_Brief_
Return all of the data exactly, omitting any images.

_Supplied information_
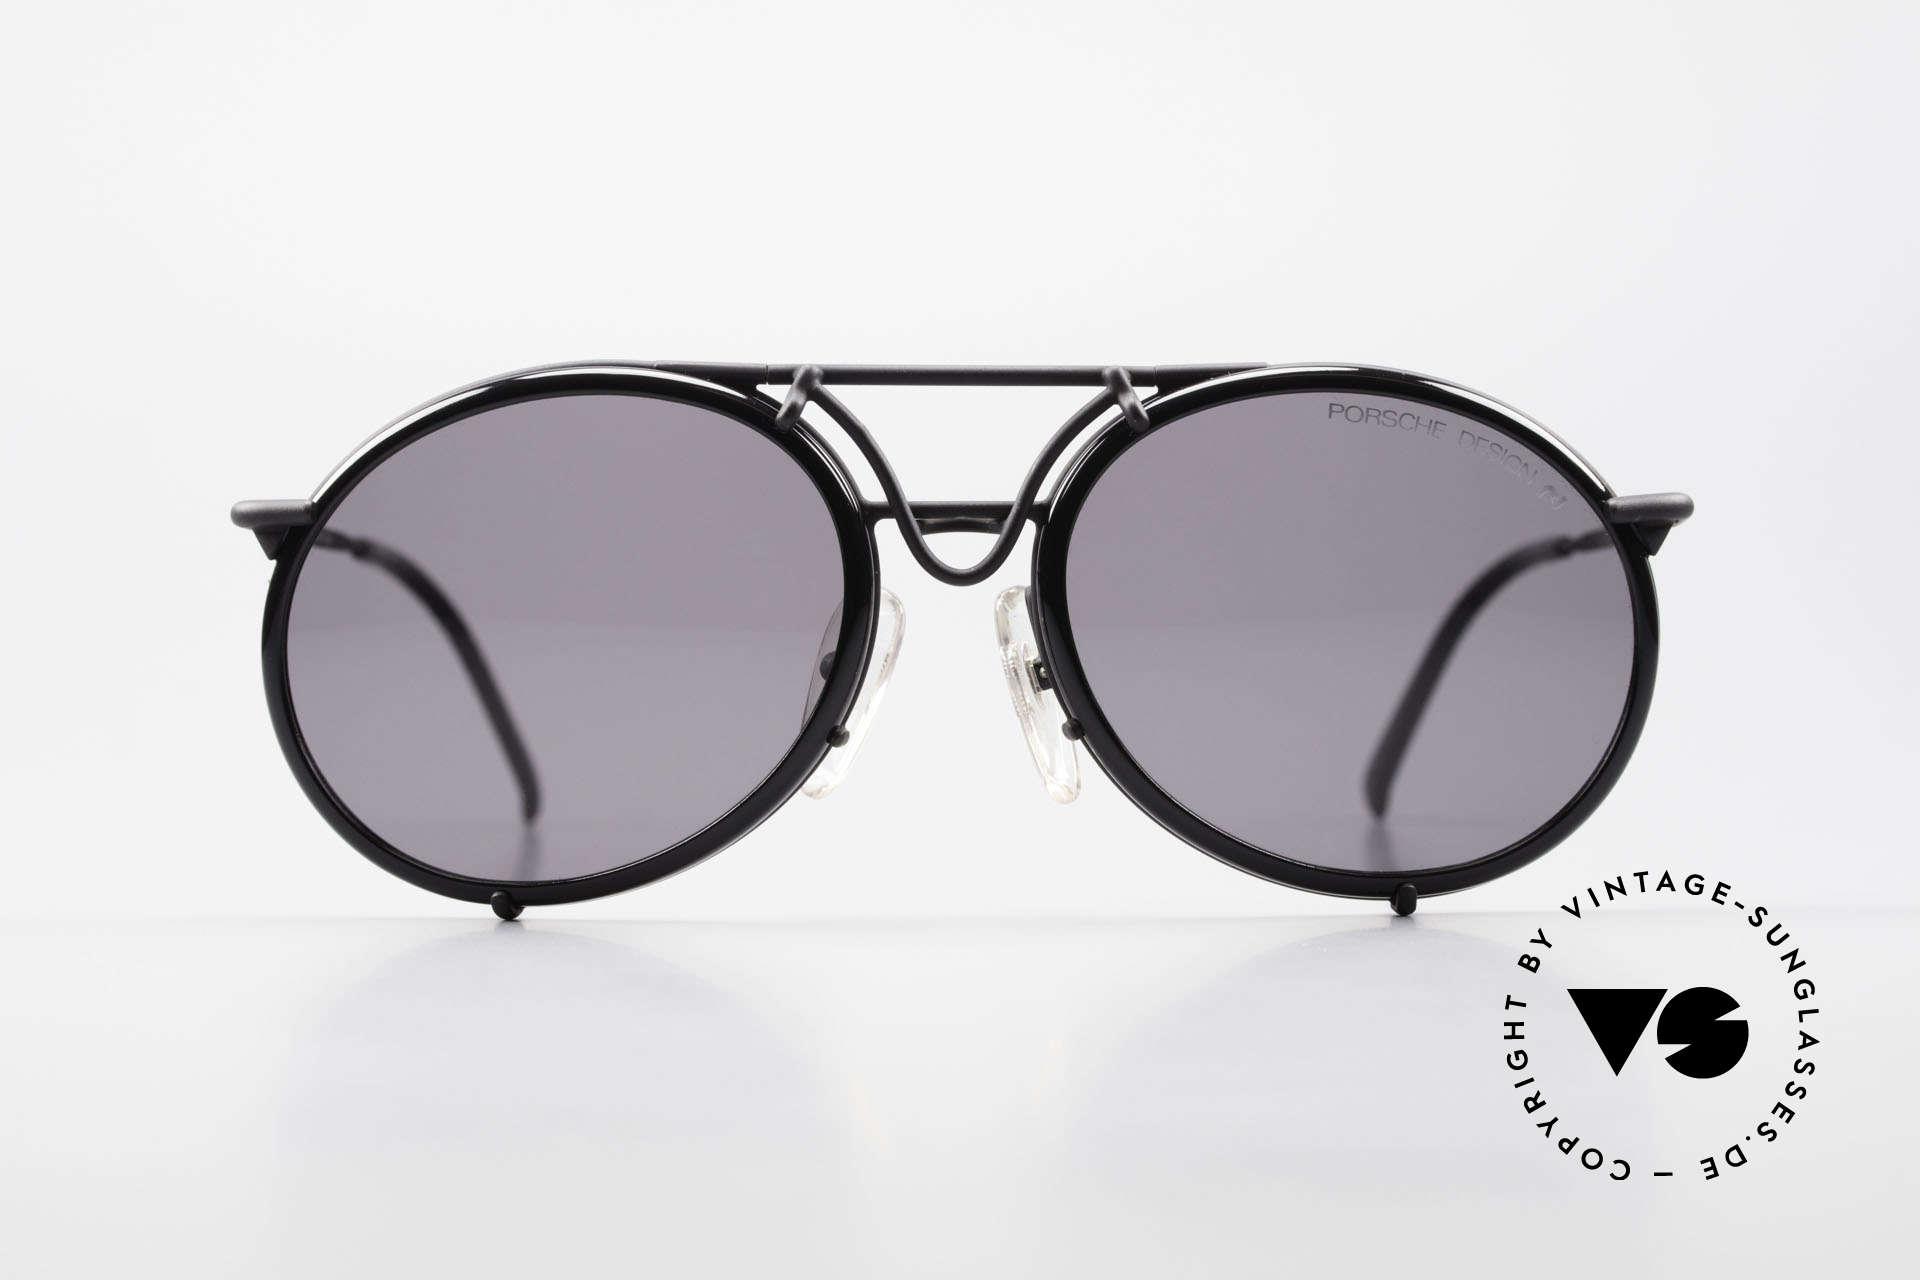 Porsche 5661 Echte 90er Sonnenbrille Rund, sportlich-klassische Sonnenbrille von Porsche Design, Passend für Herren und Damen
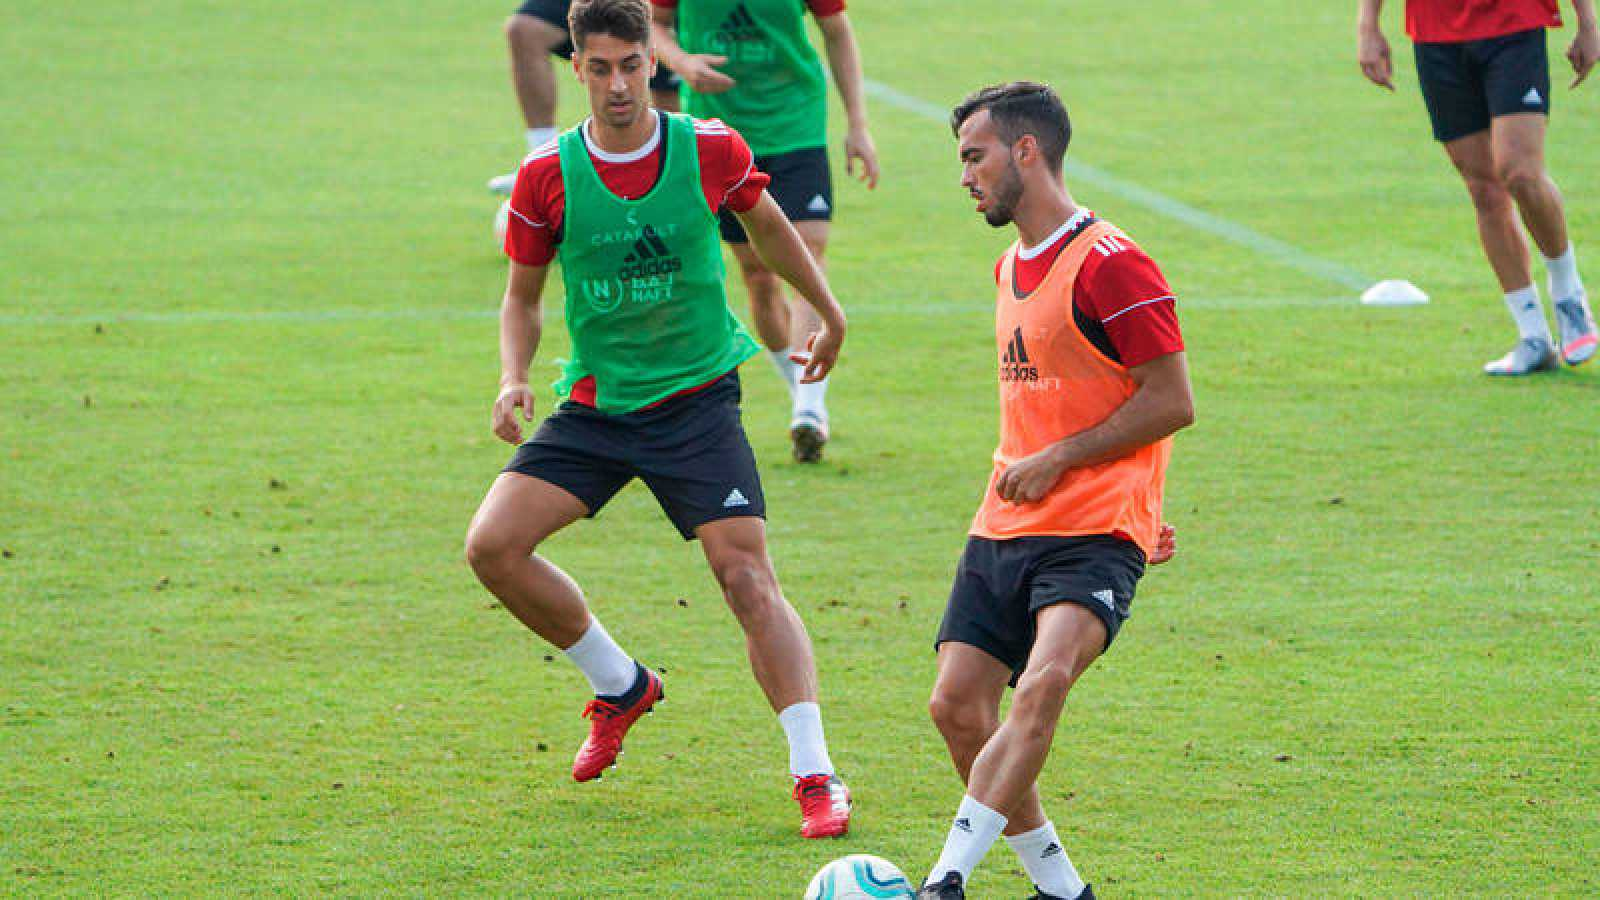 La UD Almería, entrenando
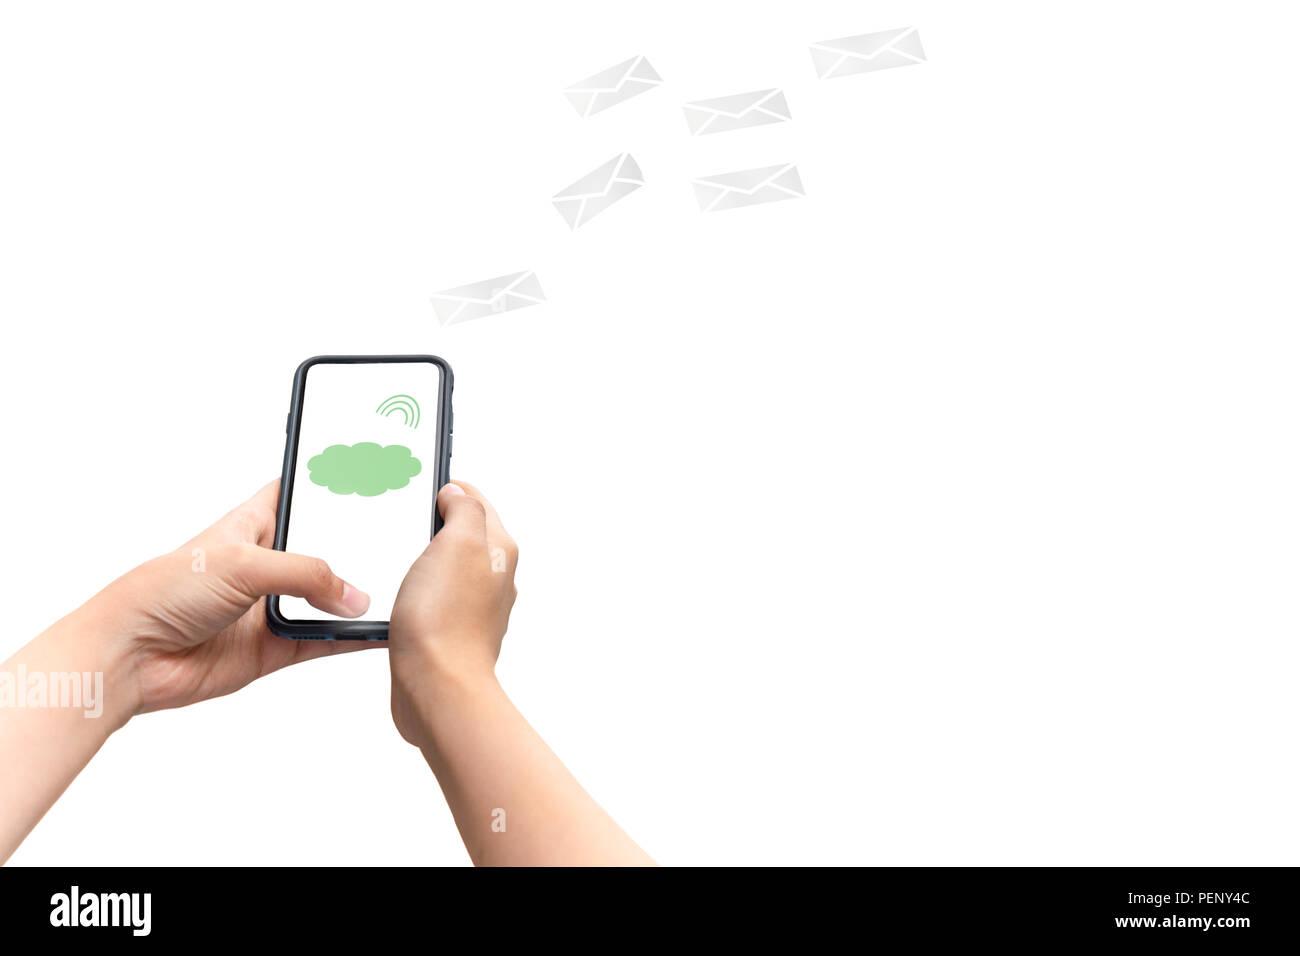 Mano Concettuale Tramite Telefono Cellulare Con Icona Digitale

_Answer box_
 Porsche 5661 Echte 90er Sonnenbrille Rund, sportlich-klassische Sonnenbrille von Porsche Design, Passend für Herren und Damen
 La UD Almería, entrenando
 Mano Concettuale Tramite Telefono Cellulare Con Icona Digitale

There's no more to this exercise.